10 most memorable NHL rivalry set-aside moments

Though a healthy NHL rivalry is an indispensable marketing tool, the times that call for solidarity over spirited opposition have their own pivotal place. As much as hockey fans sustain their enthusiasm through animated drama, the pure human element creates a balance by preserving a necessary sense of community.

Adding to the latter’s importance, those who lack an inherent interest in what happens between the boards and the whistles may still feel compelled to pay attention when that community attitude takes full view.

Almost any pair of parties in an NHL rivalry will combine to represent distinct geographic entities. Rooters may want bragging rights under all competitive circumstances, but no residents can refuse a gesture of goodwill.

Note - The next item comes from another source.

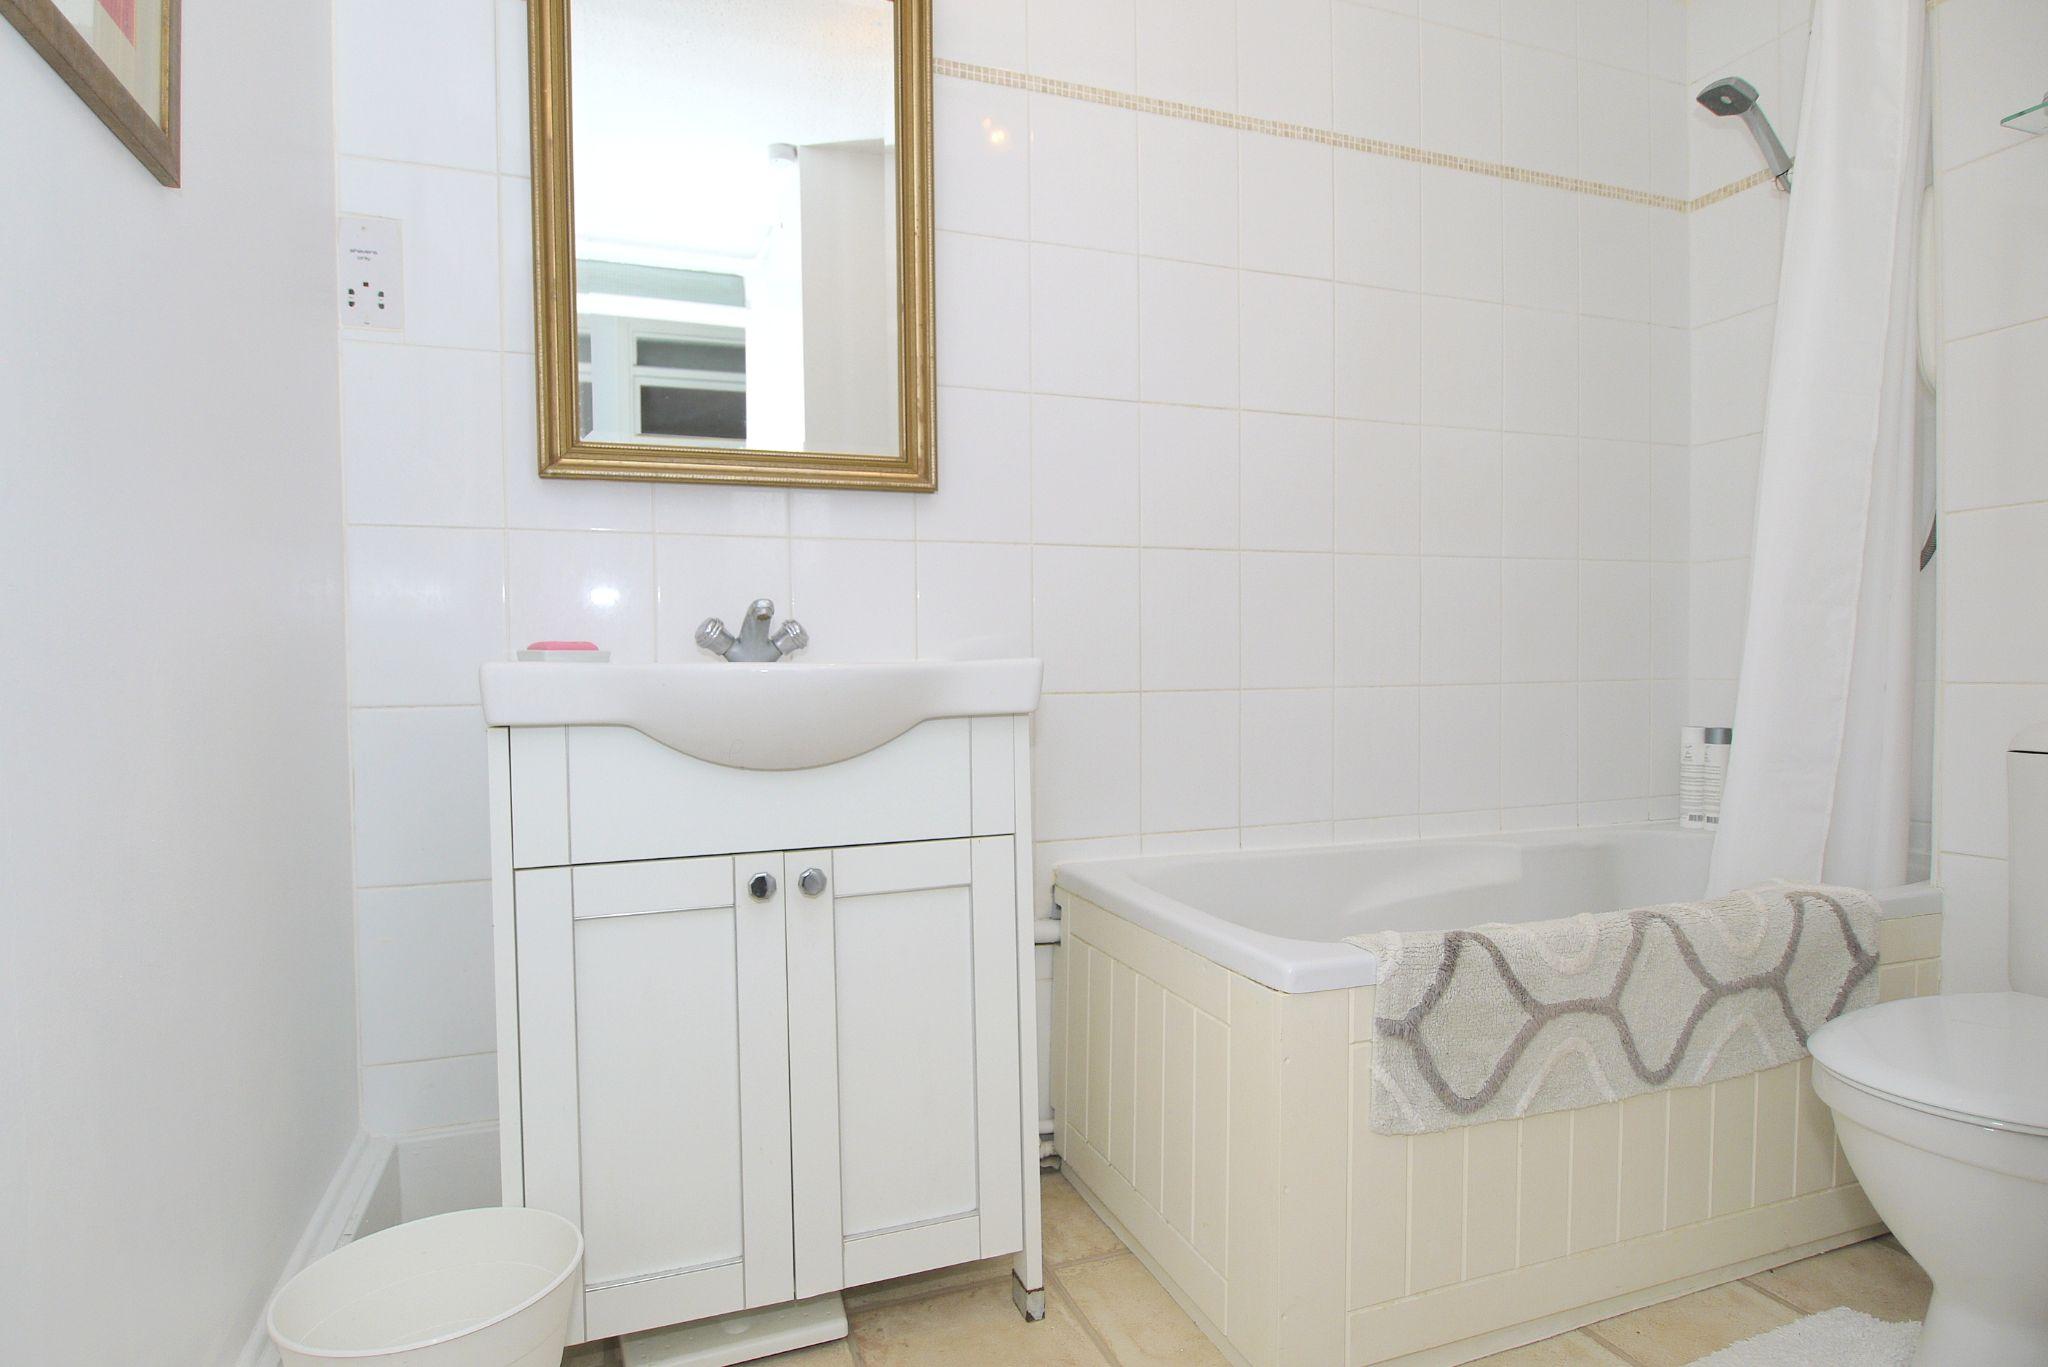 1 bedroom apartment flat/apartment Sold in Sevenoaks - Photograph 6

Ceremonies like these embolden the adage of a player being a wild Kodiak in game action, but a teddy bear otherwise. They bring out the best in participants and viewers alike as they recognize and build around the sport as their unifying entity.

The 10 most notable examples from the league’s first century of operation are as follows.

10. The fight for financial fairness
The NHL’s so-called Golden Era, the quarter-century when it was only the Original Six, witnessed scarce cases of animosity giving way to amiability.

In a pre-draft, pre-free agency period, career-long loyalty to a single crest was all but a given. And because fewer opponents meant more frequent rivalry renewals, players and front-office personnel rarely respected the boundaries that the boards represented. Uncompromising partisanship had a way of overrunning the pond.

Detroit’s Ted Lindsay spearheaded the top exception amongst the players in the mid-’50s. While the NHLPA’s precursor failed to catch on, it had the near-unanimous approval of those who skated for the league’s six cities at its inception. The longer-lasting players’ association emerged in 1967, the same year NHL membership doubled to 12 teams.

10 most memorable NHL rivalry set-aside moments of all time

After their last of many entertaining showdowns, Jarome Iginla and Trevor Linden retired their snarls as the latter prepared to retire from playing. (Photo by Jeff Vinnick/Getty Images)

9. Flames laud Linden
Trevor Linden participated in three of the seven Vancouver-Calgary postseason sets to date. The Canucks have bested the Flames merely twice in those seven meetings, the more noteworthy being a seven-game triumph in the opening round of the 1994 tournament.

None other than Linden supplied a sudden-death strike in Game 6 to make the rubber match possible. Until Tampa Bay’s Martin St. Louis reversed the 2004 Stanley Cup Final in the same fashion, that moment left residual vinegar in Calgary’s mouths.

Fast-forward 14 years, at which point Linden had logged 16 nonconsecutive seasons in British Columbia plus many other memorable installments of the Flames feud. Vancouver was a 2008 playoff no-show, which made the April 5 home date with Calgary his anticipated swan song.

The visiting players drummed their sticks while visiting fans joined the home crowd in applauding Linden prior to the opening draw of the third period. At the final horn, Flames veterans Robyn Regehr and Jarome Iginla led a spontaneous handshake line.

8. Lemieux’s first sendoff
For all of the egregious pimples on their sportsmanship record, Philadelphia fans have applied appropriate remedies when the time has come to honor their definitive hockey tormentor.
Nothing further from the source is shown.